Dynamic biomarkers and the pathophysiology of Alzheimer's diseaseAmyloid imaging results from the Australian Imaging, Biomarkers and Lifestyle (AIBL) study of aging
Introduction
Dementia is a leading cause of death, disability, and health expenditure in the elderly and Alzheimer's disease (AD) accounts for the majority of cases. The leading hypothesis on the cause of AD is that it results from excessive beta amyloid (Aβ) in the brain, either through increased production or impaired clearance of Aβ oligomers that then aggregate to form extracellular plaques and vascular wall deposits (Villemagne et al., 2006). However, there are many unanswered questions regarding this hypothesis including the timing and rate of Aβ deposition and its relationship to brain atrophy and cognitive decline.
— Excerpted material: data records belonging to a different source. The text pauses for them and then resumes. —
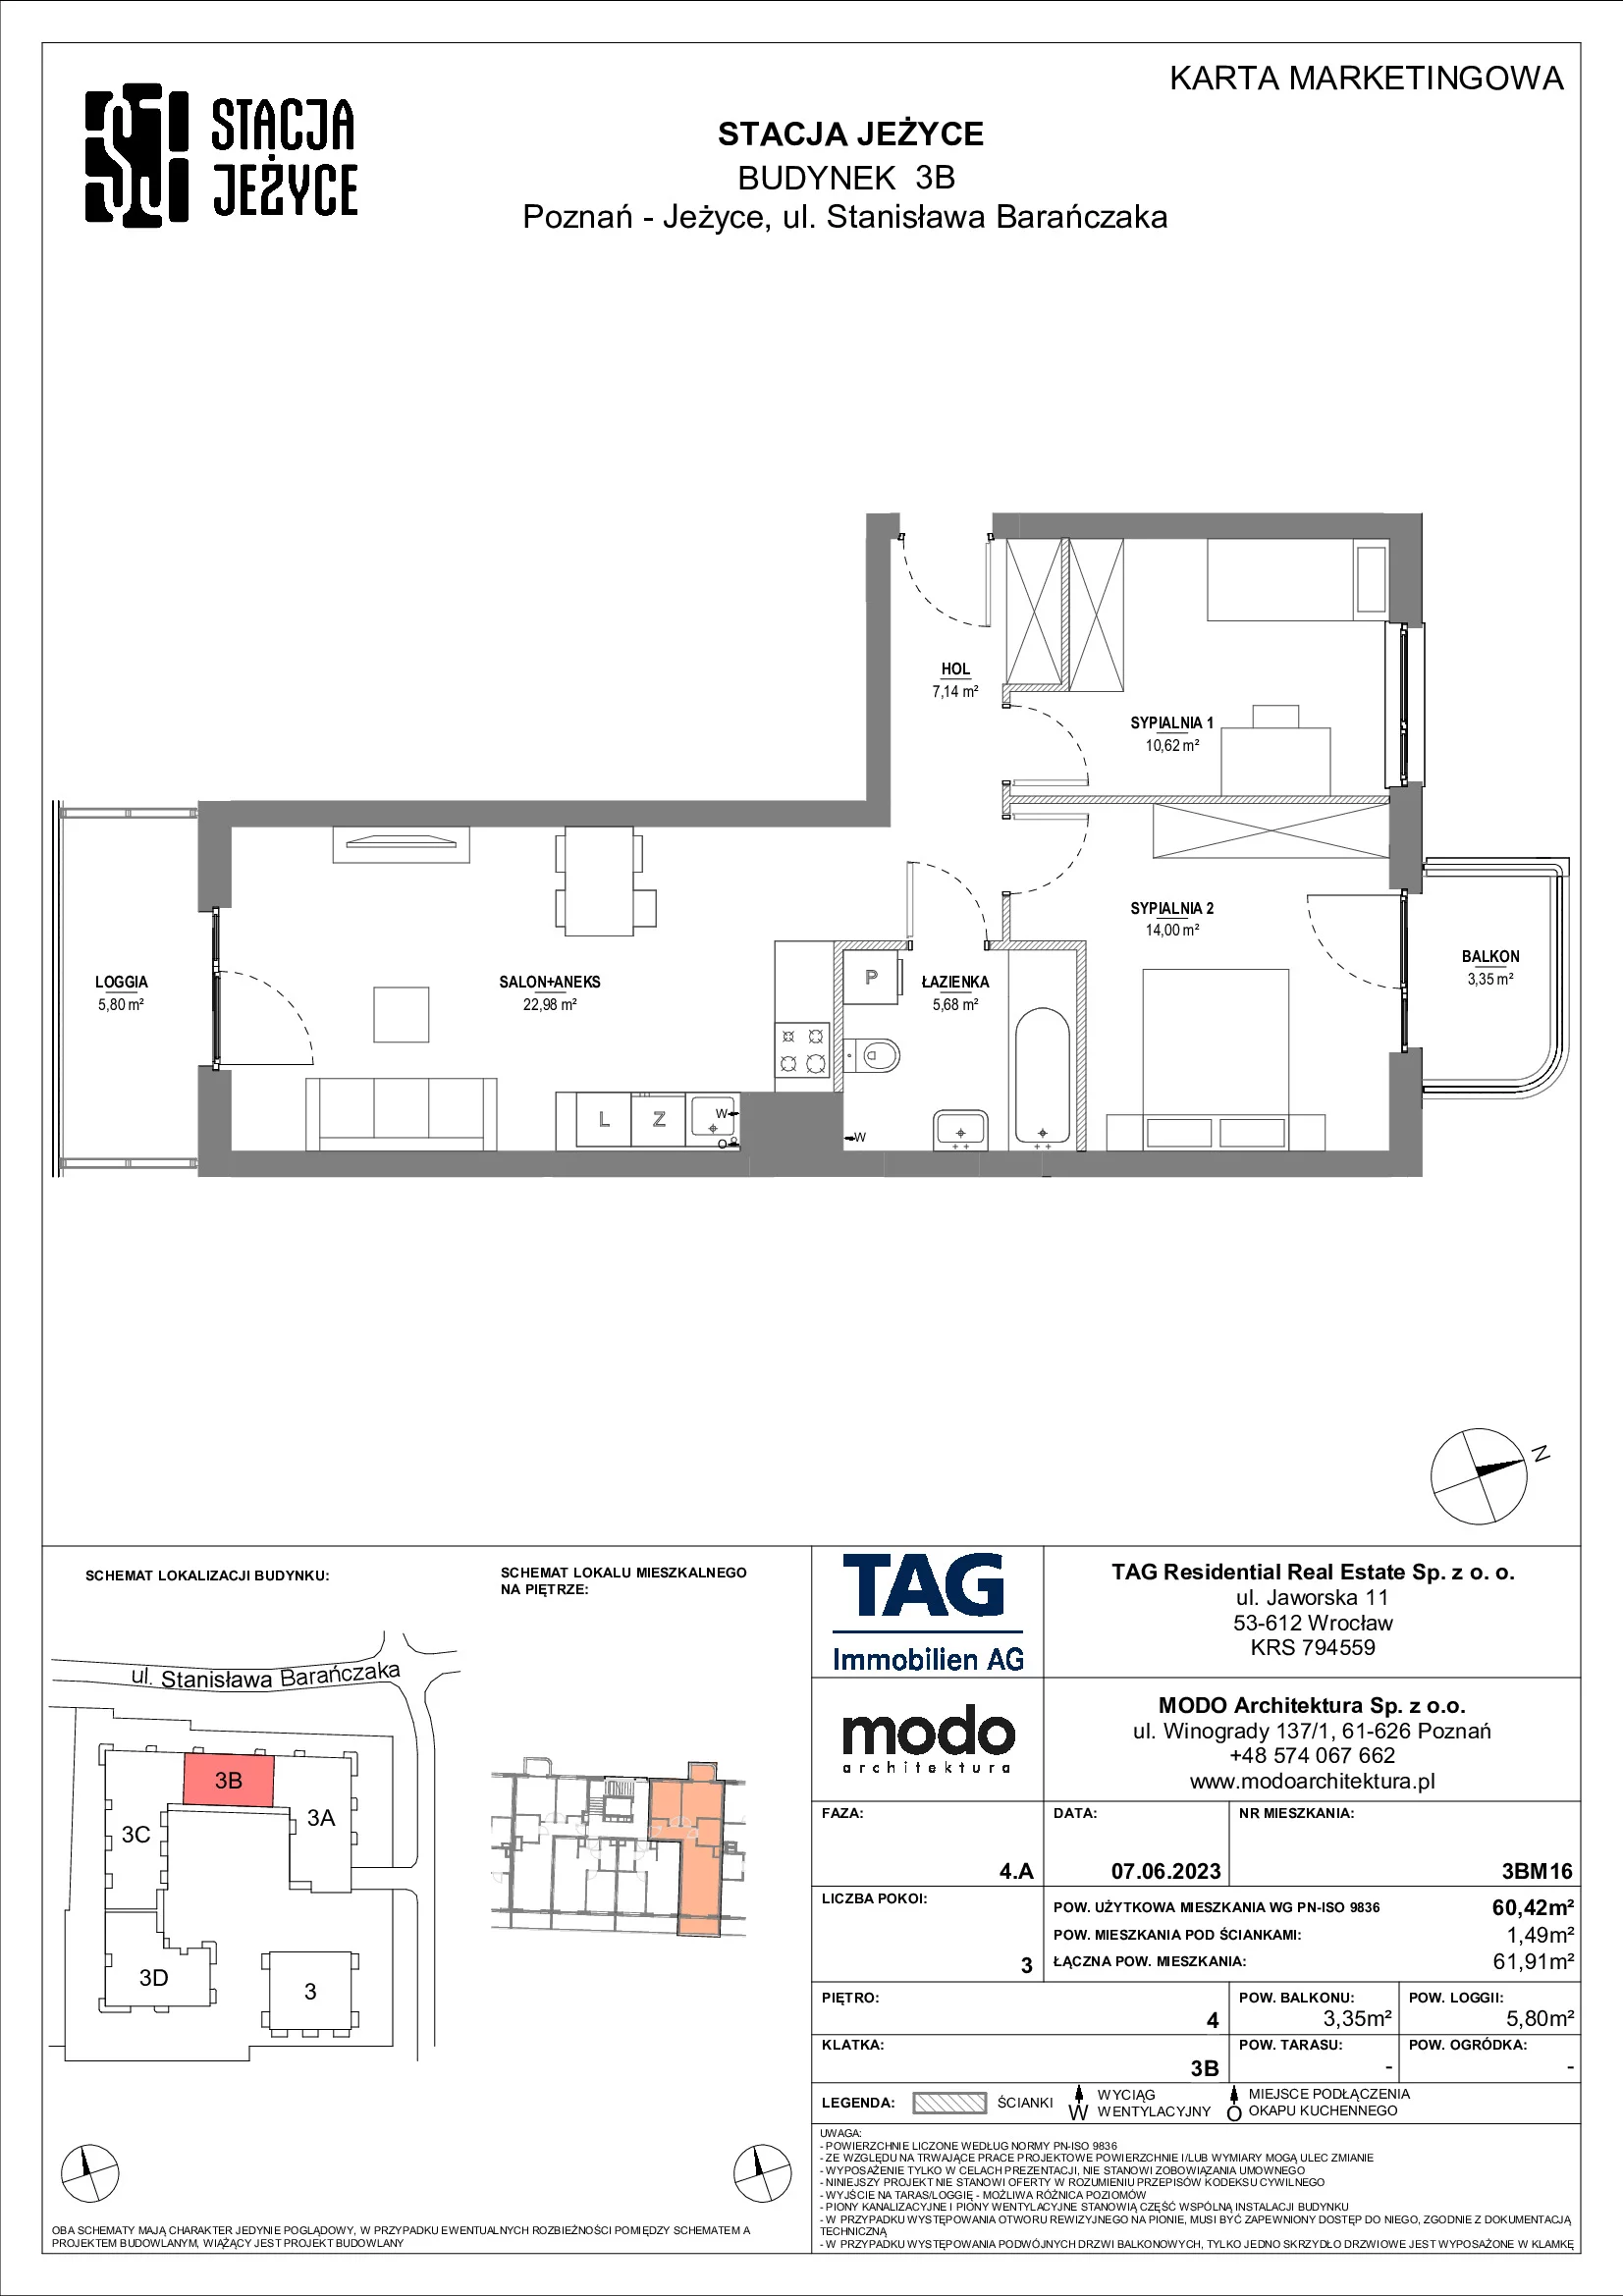 Mieszkanie 60,42 m², piętro 4, oferta nr 3BM16, Stacja Jeżyce, Poznań, Jeżyce, Jeżyce, ul. Stanisława Barańczaka 3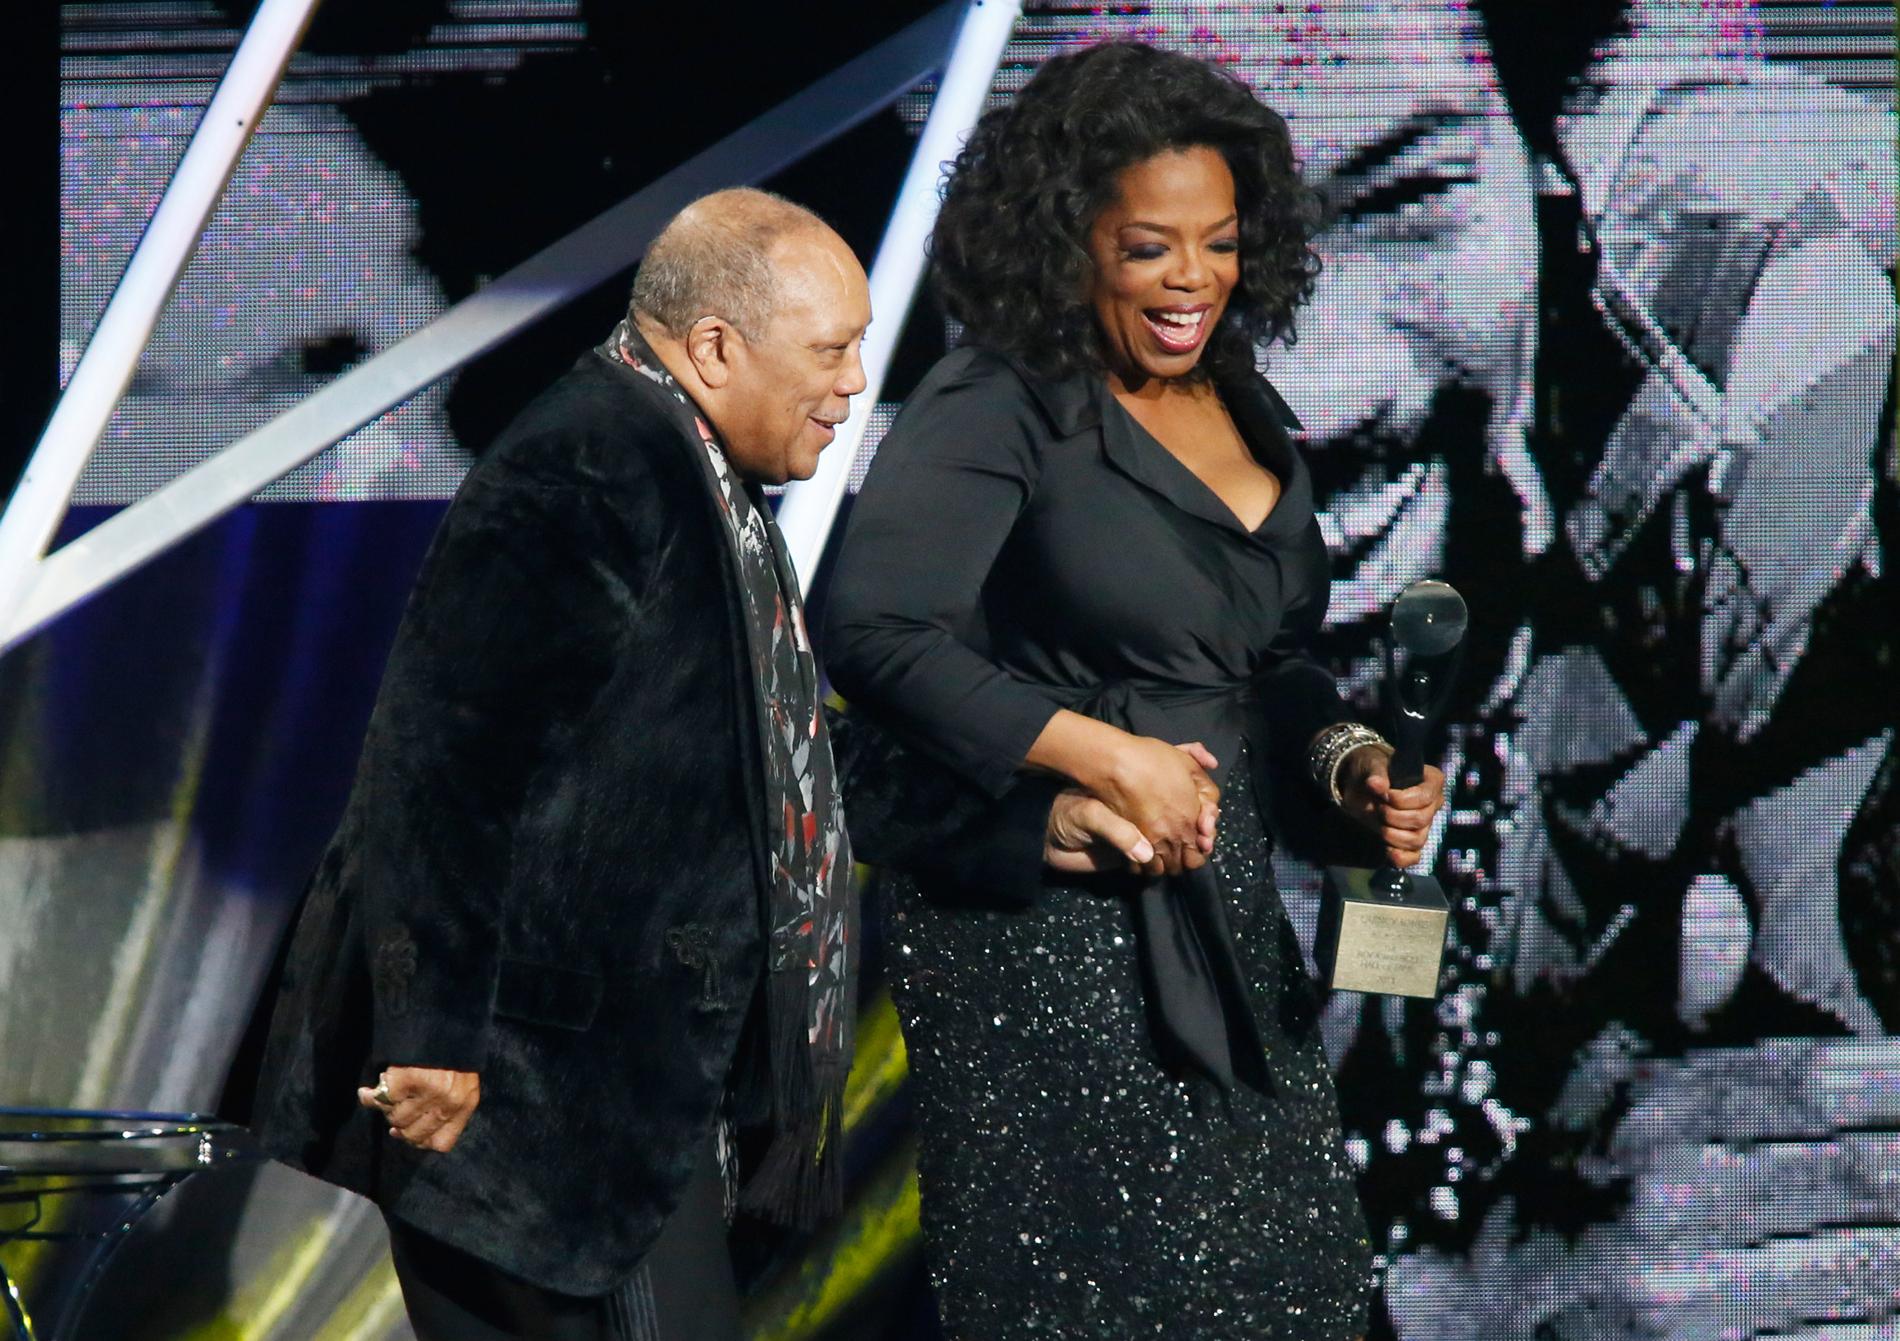 2013 förärades Quincy Jones en plats i Rock and Roll Hall of Fame, här under ceremonin med nära vännen Oprah Winfrey.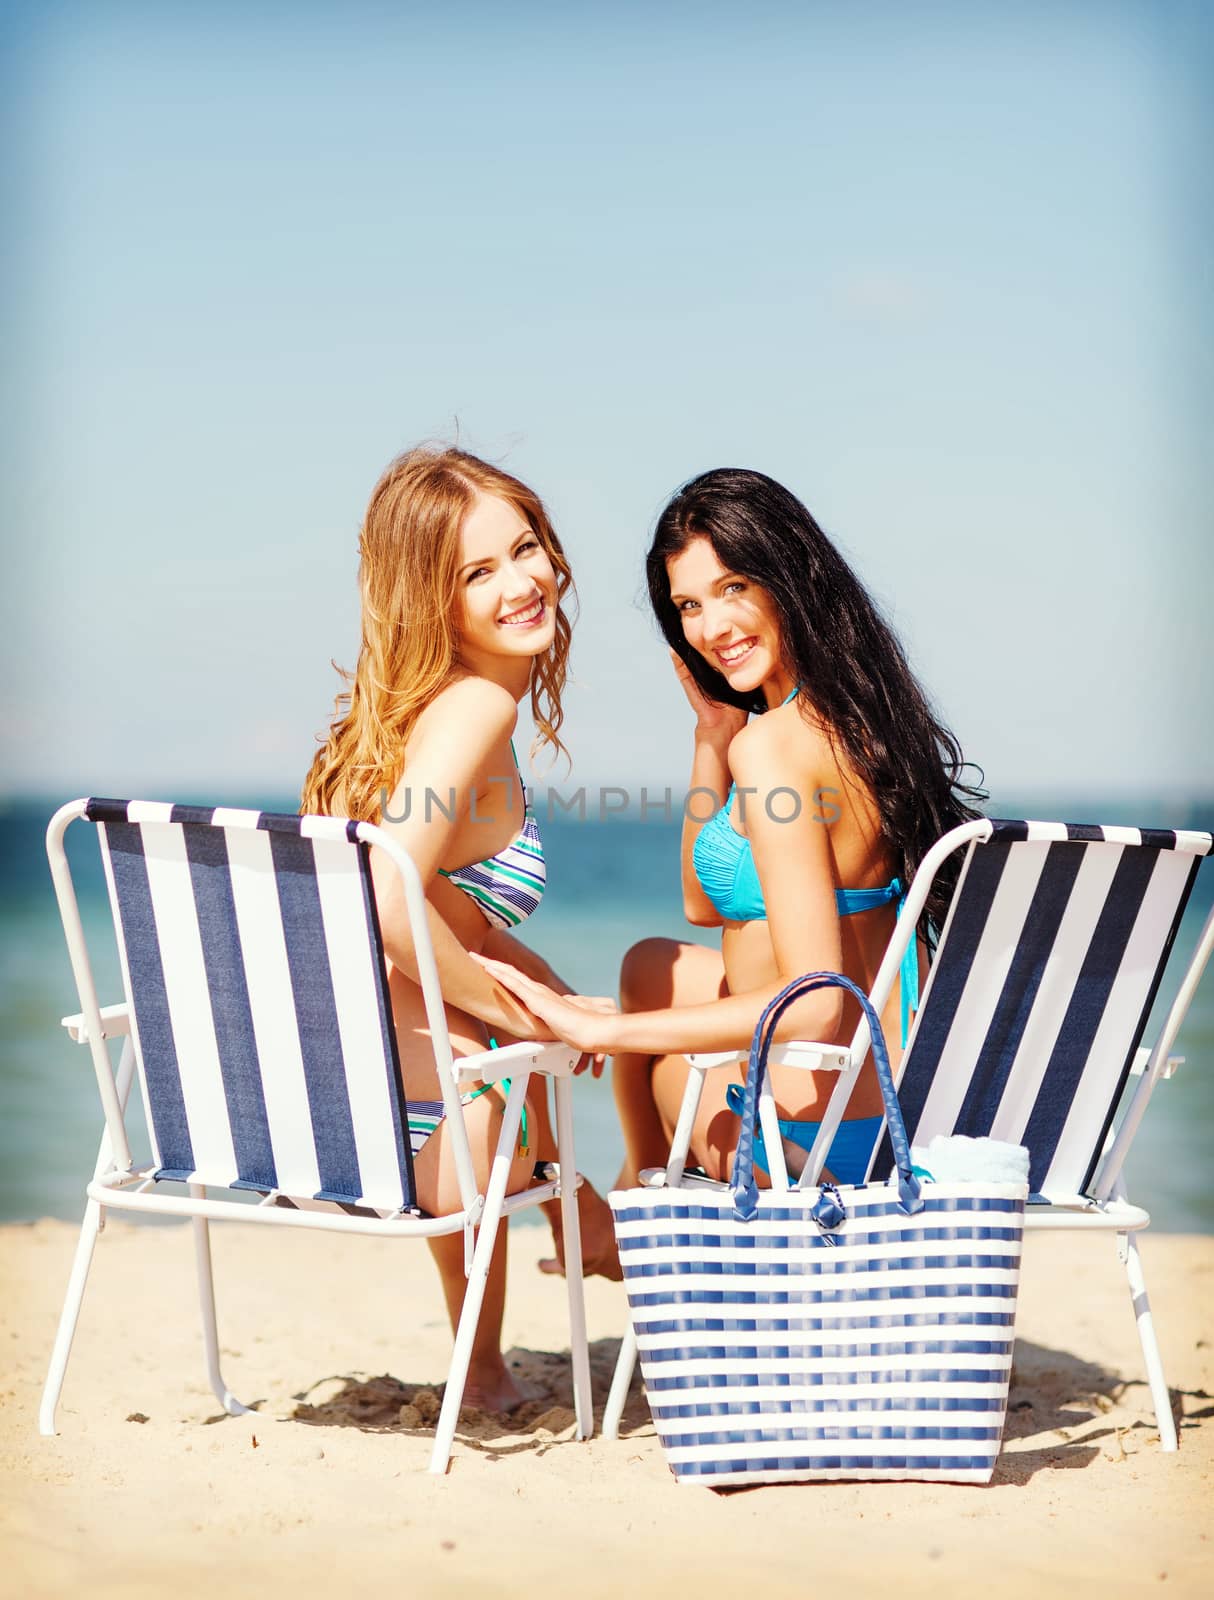 girls sunbathing on the beach chairs by dolgachov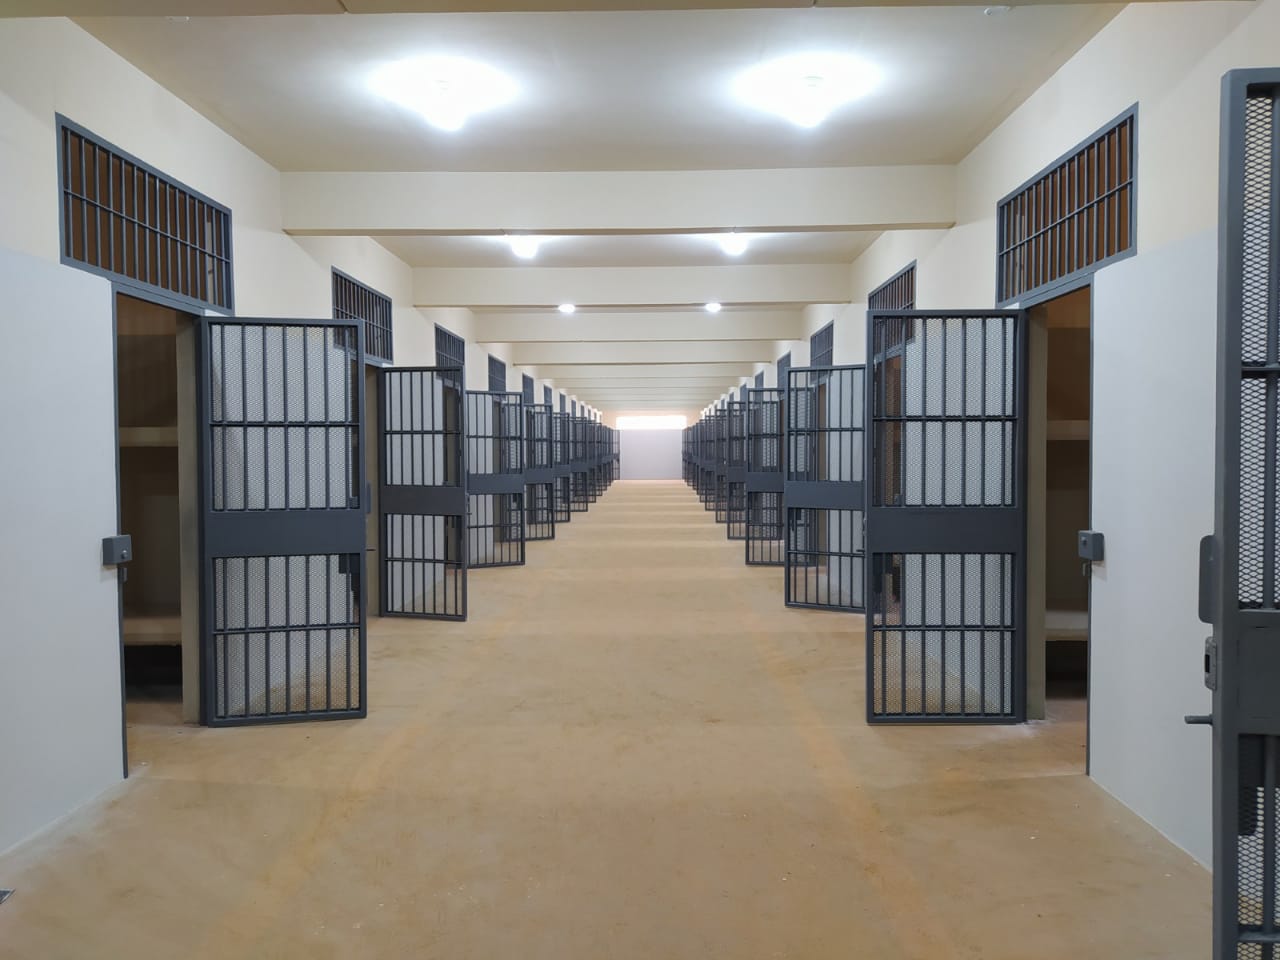 el futuro centro penitenciario tendrá la capacidad para albergar a unos 1.650 reclusos

Molecular neuroimaging techniques such as positron emission tomography (PET), in conjunction with related biomarkers in cerebrospinal fluid (CSF), are proving valuable in the early and differential diagnosis of AD (Fagan et al., 2006, Klunk et al., 2004, Rowe et al., 2007) and have the potential to increase our understanding of the neurobiology of AD through longitudinal observational studies of aging.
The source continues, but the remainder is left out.